There is also a second runway at the airport of 4,647 feet and the third has been turned into a staging area for fire crews during emergencies. The large paved area also serves as a training site for emergency responders to learn how to maneuver vehicles at higher speeds.
Both available runways offer pilots a guidance system that signals them about placement and how high they are flying, making it possible for them to land safely during cloudy or foggy weather conditions.
To help pilots meet inspection requirements, Centrex Construction of Aurora completed a new maintenance hangar in November 2012, a $250,000 project funded by a loan from Klickitat County. The enlarged facility allows mechanic Nick Breznay to work in an enclosed and heated work space and provides hangar space for larger planes.
As a result of the continuing upgrades, the airport can now accommodate the travel needs of Google, Insitu and Cardinal Glass, as well as other gorge companies. Officials believe the airport is now poised to attract new businesses into the park that have ties to aviation or want the convenience of flight nearby.
“We think we have a good opportunity to support UAV (Unmanned Aerial Vehicle) business in the gorge and we already have some interest in that area,” said Anderson, who has been with the management company for eight years.
The first lots are expected to be completed by June 2014 and half of the $1.2 million cost is paid by grant funds from Washington state and the half loaned. Somewhere in the future, officials hope to add another 100 lots to the business park, which is a total of 250 acres.
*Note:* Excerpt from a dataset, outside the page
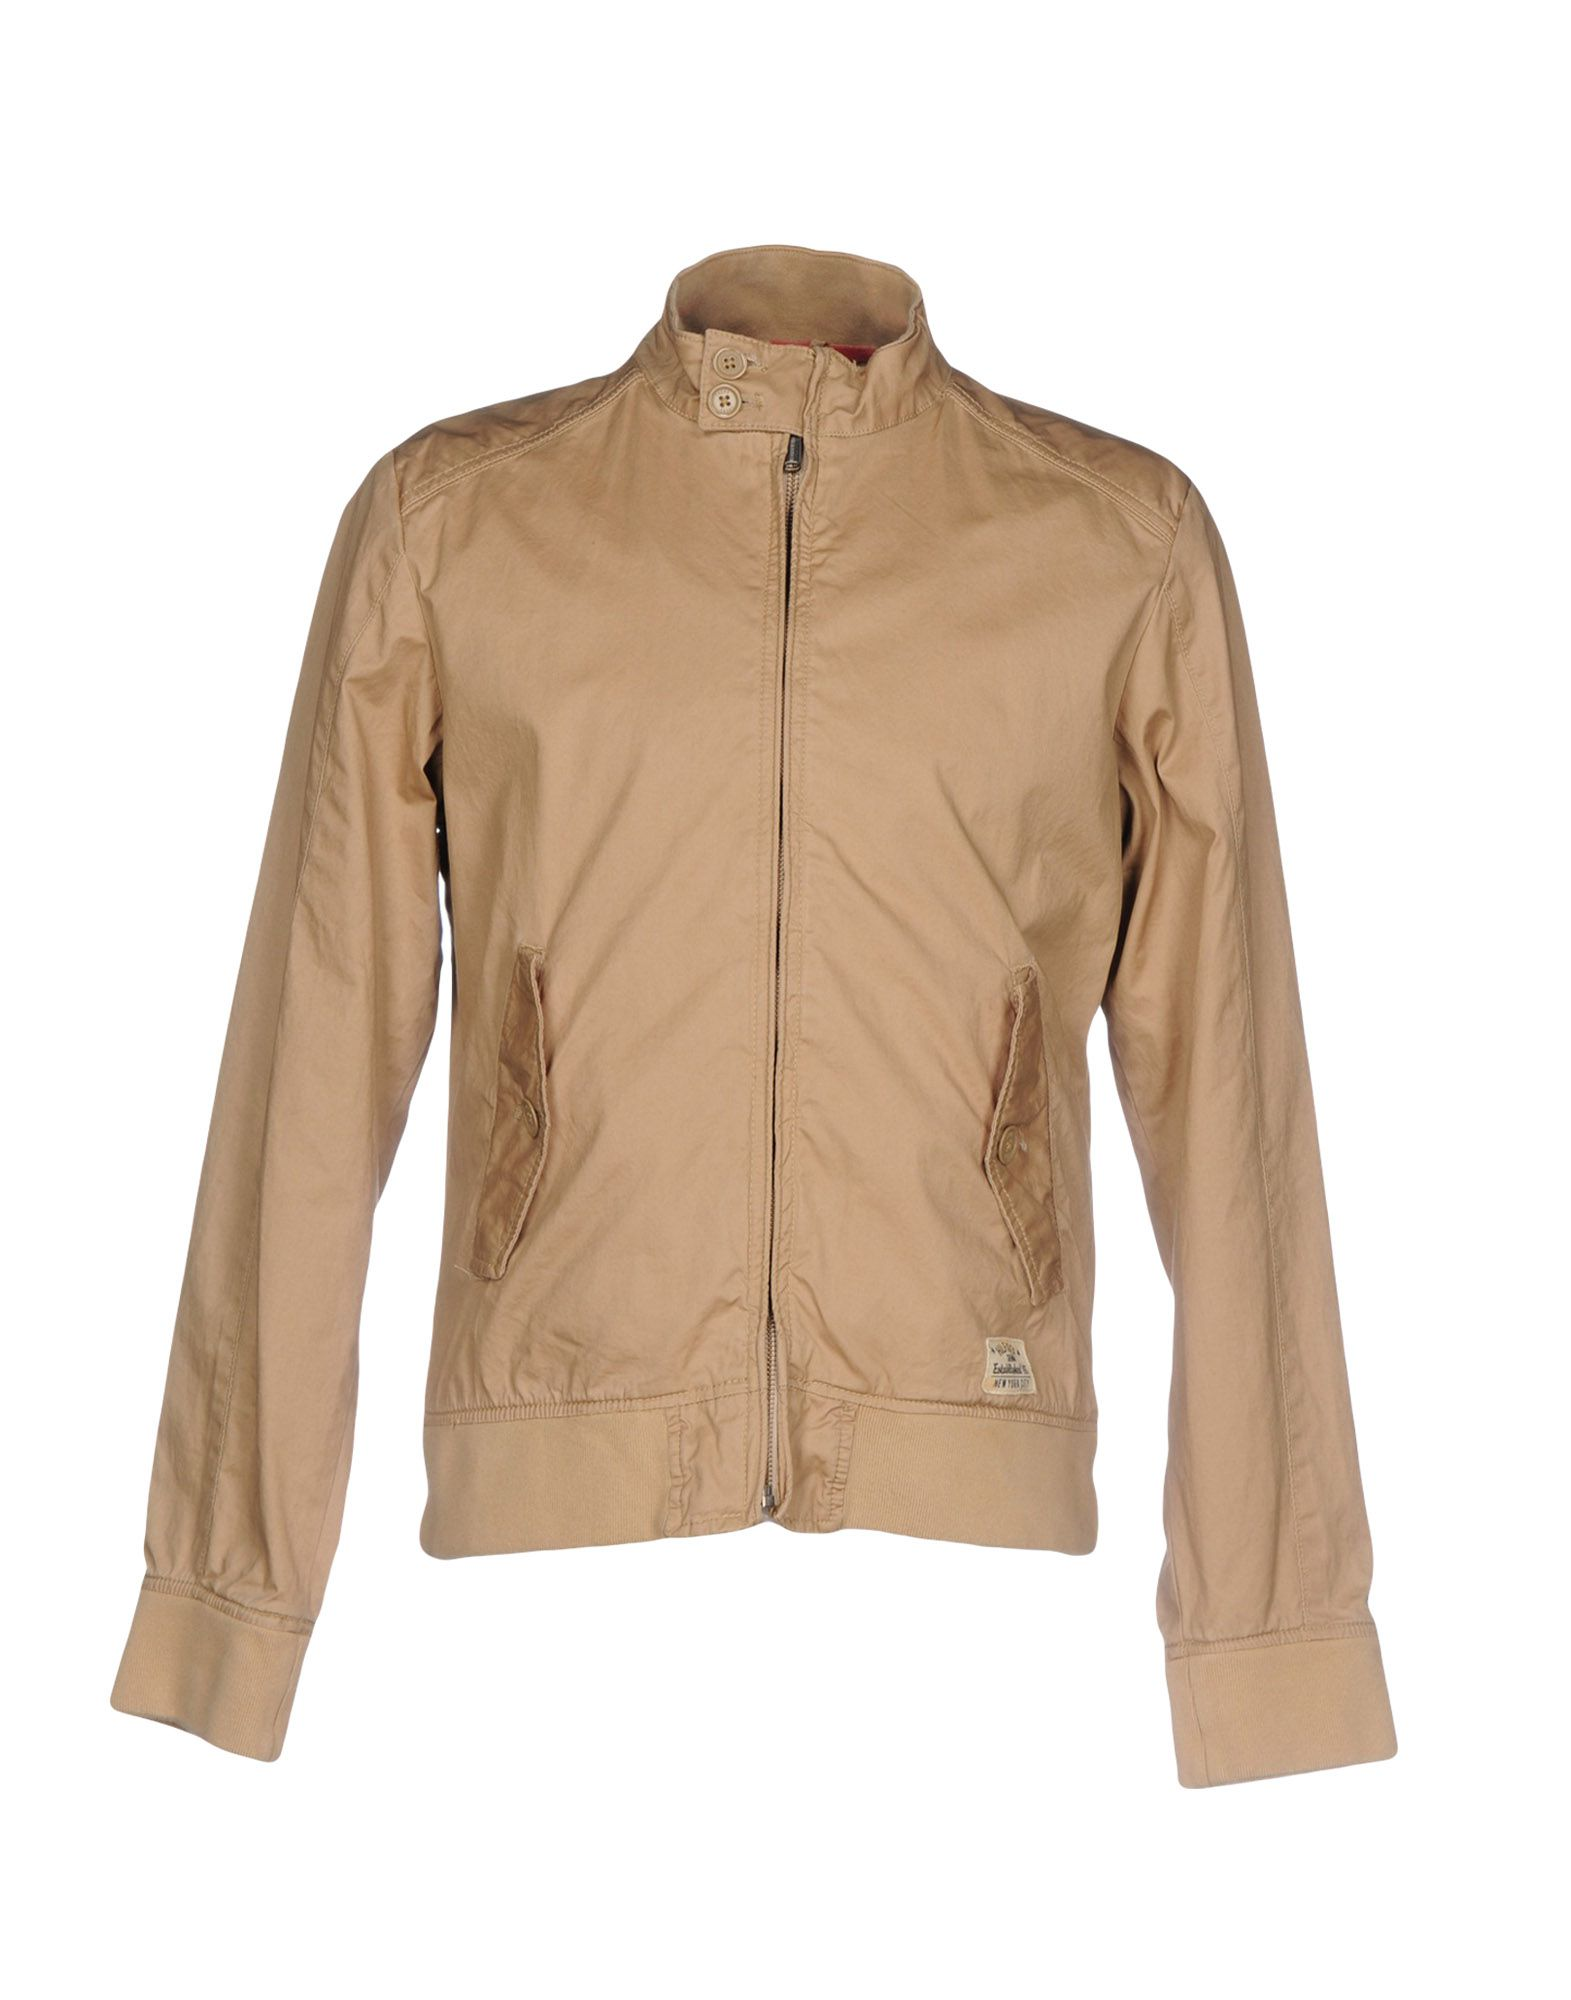 TOMMY HILFIGER DENIM Куртка denim куртка denim 353244400126696

The Dalles and Klickitat will begin building a flexible space structure of about 15,000 square feet in the business park next spring at a cost of $1.25 million. Funding for the project is being provided by $1 million in grant funds from Washington and a $250,000 investment by Klickitat County.
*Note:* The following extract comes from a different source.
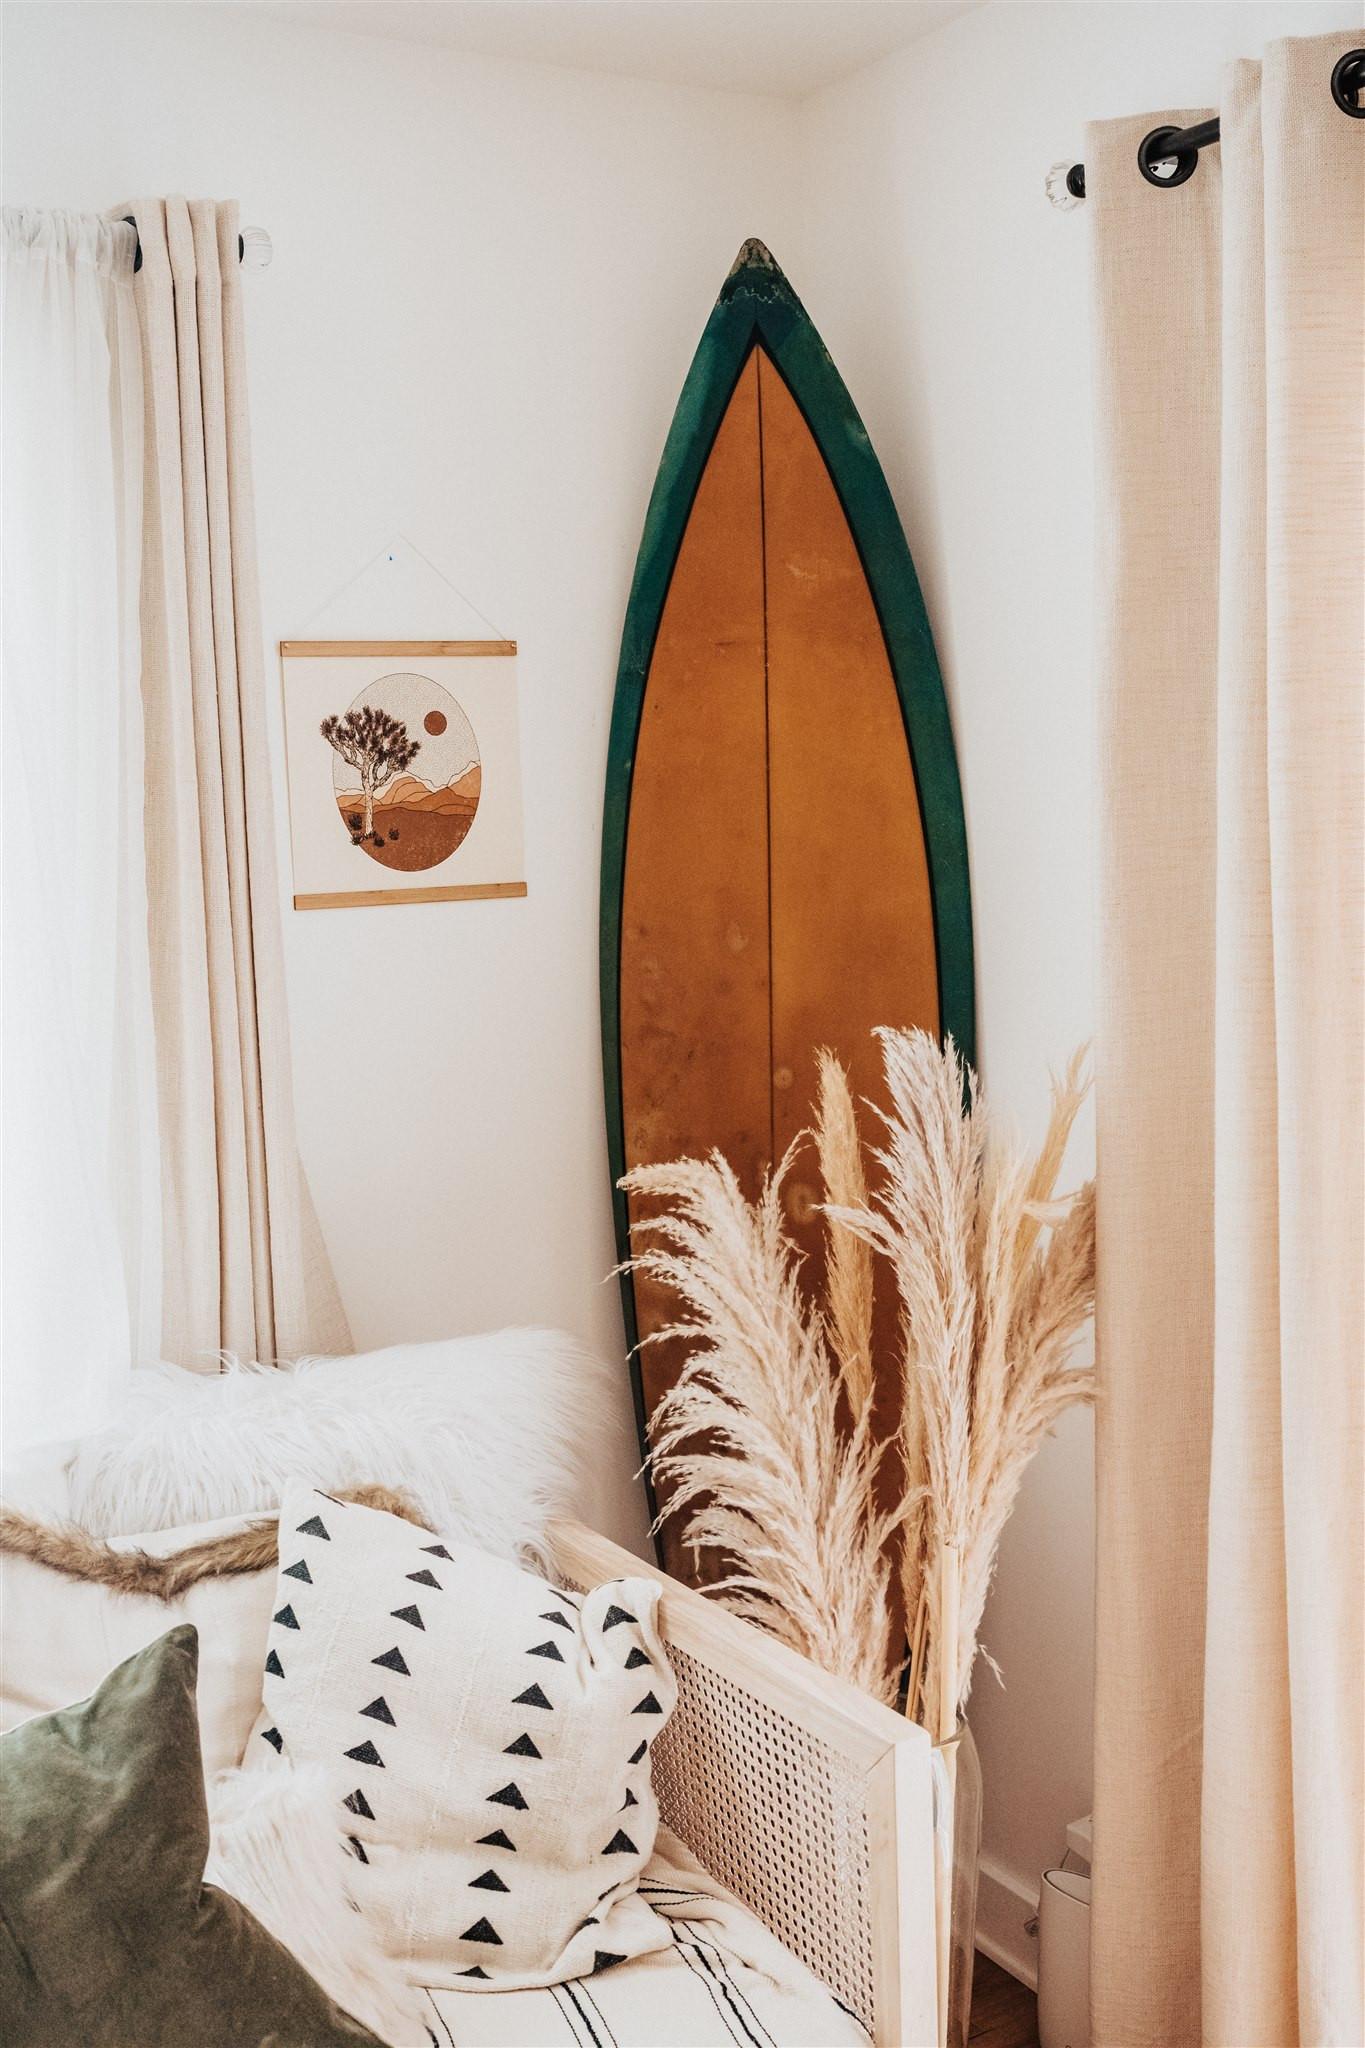 poster hanger bamboo wood

Covert said it can be time-consuming to work out archeological and environmental issues to get a new process underway – the business park took seven years to come to fruition – but the wait is worth it. He said Dallesport has become the only landing strip in the region with instrument approaches, which is increasing its usage.
“We are seeing more and more business planes here bringing in visitors and hunters,” he said.
On Covert’s list for future improvements is the terminal that is now more than 70 years old and lacks meeting space. That building is home to the Concourse Restaurant that is owned and managed by Barb Rouch, who provides a complimentary meal to anyone coming through in a military uniform.